Super Tuscans are an unofficial category of Tuscan wines, not recognized within the Italian wine classification system. Although an extraordinary number of wines claim to be "the first Super Tuscan," most would agree that this credit belongs to Sassicaia, the brainchild of marchese Mario Incisa della Rocchetta, who planted Cabernet Sauvignon at his Tenuta San Guido estate in Bolgheri back in 1944. It was for many years the marchese's personal wine, until, starting with the 1968 vintage, it was released commercially in 1971.
The growth of Super Tuscans is also rooted in the restrictive DOC practices of the Chianti zone prior to the 1990s. During this time Chianti could be composed of no more than 70% Sangiovese and had to include at least 10% of one of the local white wine grapes. Producers who deviated from these regulations could not use the Chianti name on their wine labels and would be classified as vino da tavola—Italy's lowest wine designation. By the 1970s, the consumer market for Chianti wines was suffering and the wines were widely perceived to be lacking quality. Many Tuscan wine producers thought they could produce a better quality wine if they were not hindered by the DOC regulations.

The marchese Piero Antinori was one of the first to create a "Chianti-style" wine that ignored the DOC regulations, releasing a 1971 Sangiovese–Cabernet Sauvignon blend known as Tignanello in 1978. He was inspired by Sassicaia, of which he was given the sale agency by his uncle Mario Incisa della Rocchetta.
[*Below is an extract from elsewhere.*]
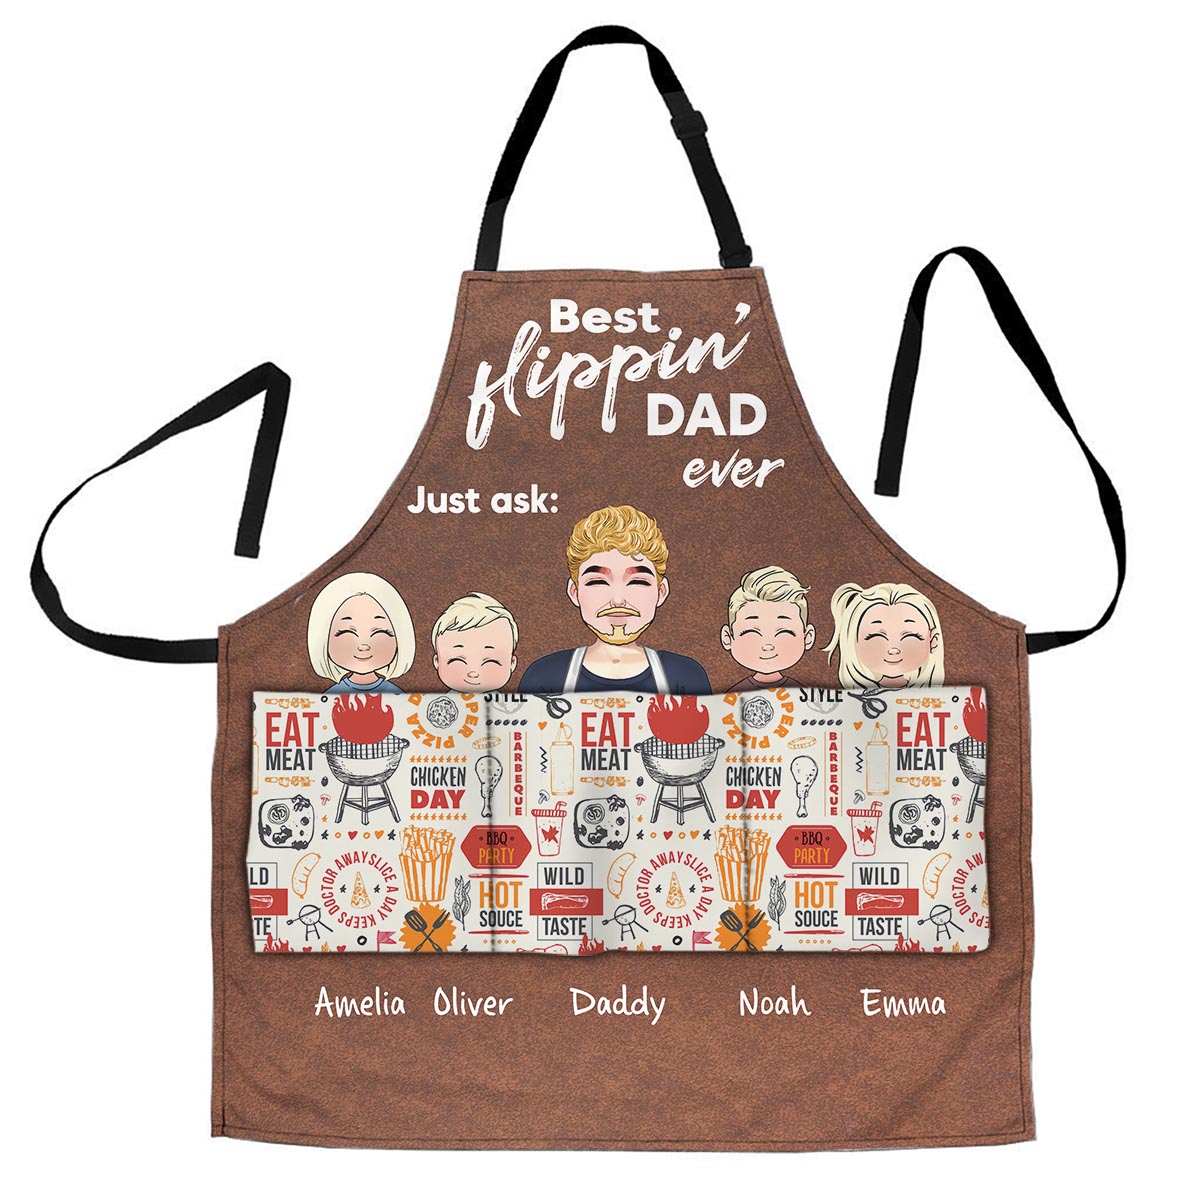 Best Flippin' Dad - Gift for dad, grandma, grandpa, mom, uncle, aunt - Personalized Apron
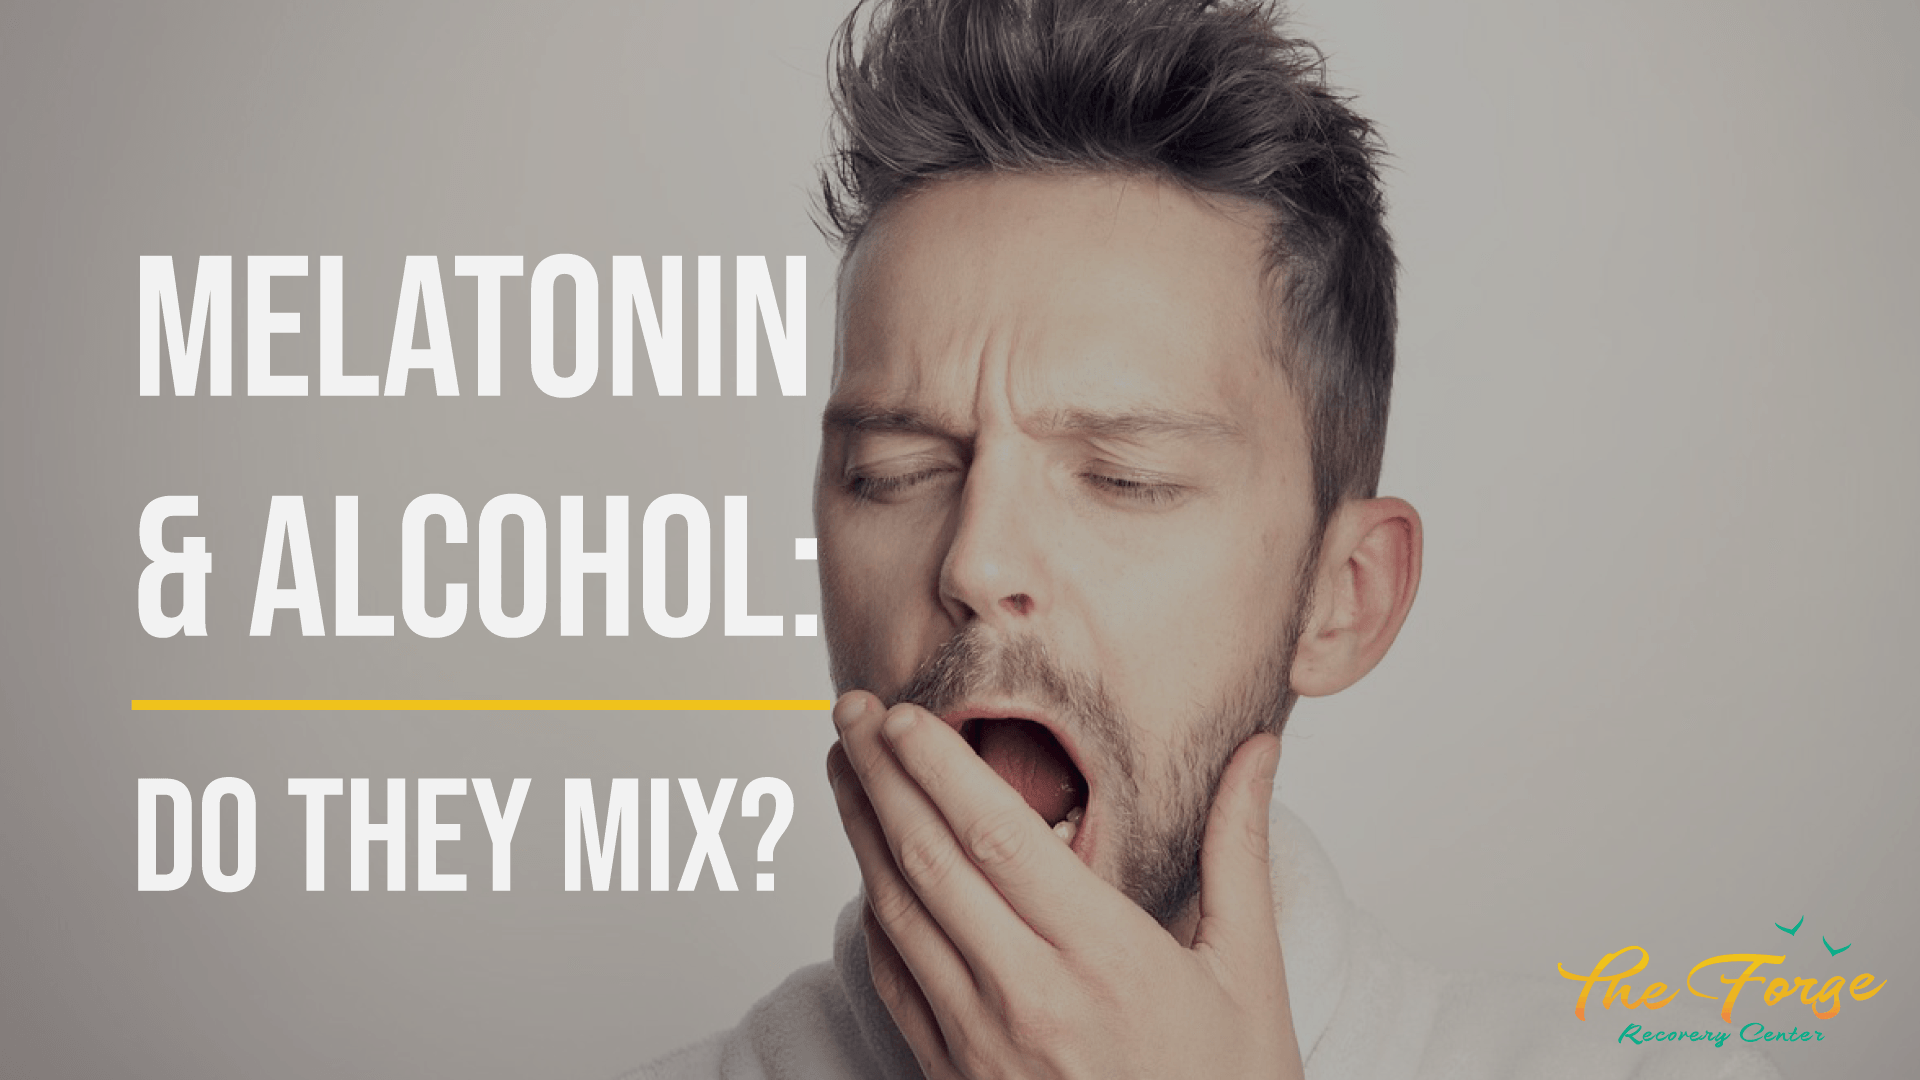 The Dangers of Mixing Melatonin and Alcohol

Other producers followed suit and soon the prices for these Super Tuscans were consistently beating the prices of some of most well known Chianti. Rather than rely on name recognition of the Chianti region, the Super Tuscan producers sought to create a wine brand that would be recognizable on its own merits by consumers. By the late 1980s, the trend of creating high-quality non-DOC wines had spread to other regions of Tuscany, as well as Piedmont and Veneto. Modification to the Chianti DOC regulation attempted to "correct" the issues of Super Tuscans, so that many of the original Super Tuscans would now qualify as standard DOC/G Chianti. Most producers have brought their Super Tuscans back under legal regulations, notably since the creation of the less restrictive IGT Toscana designation in 1992 and the DOC Bolgheri designation in 1994, while the pioneer Sassicaia was prized with its own exclusive Bolgheri Sassicaia DOC.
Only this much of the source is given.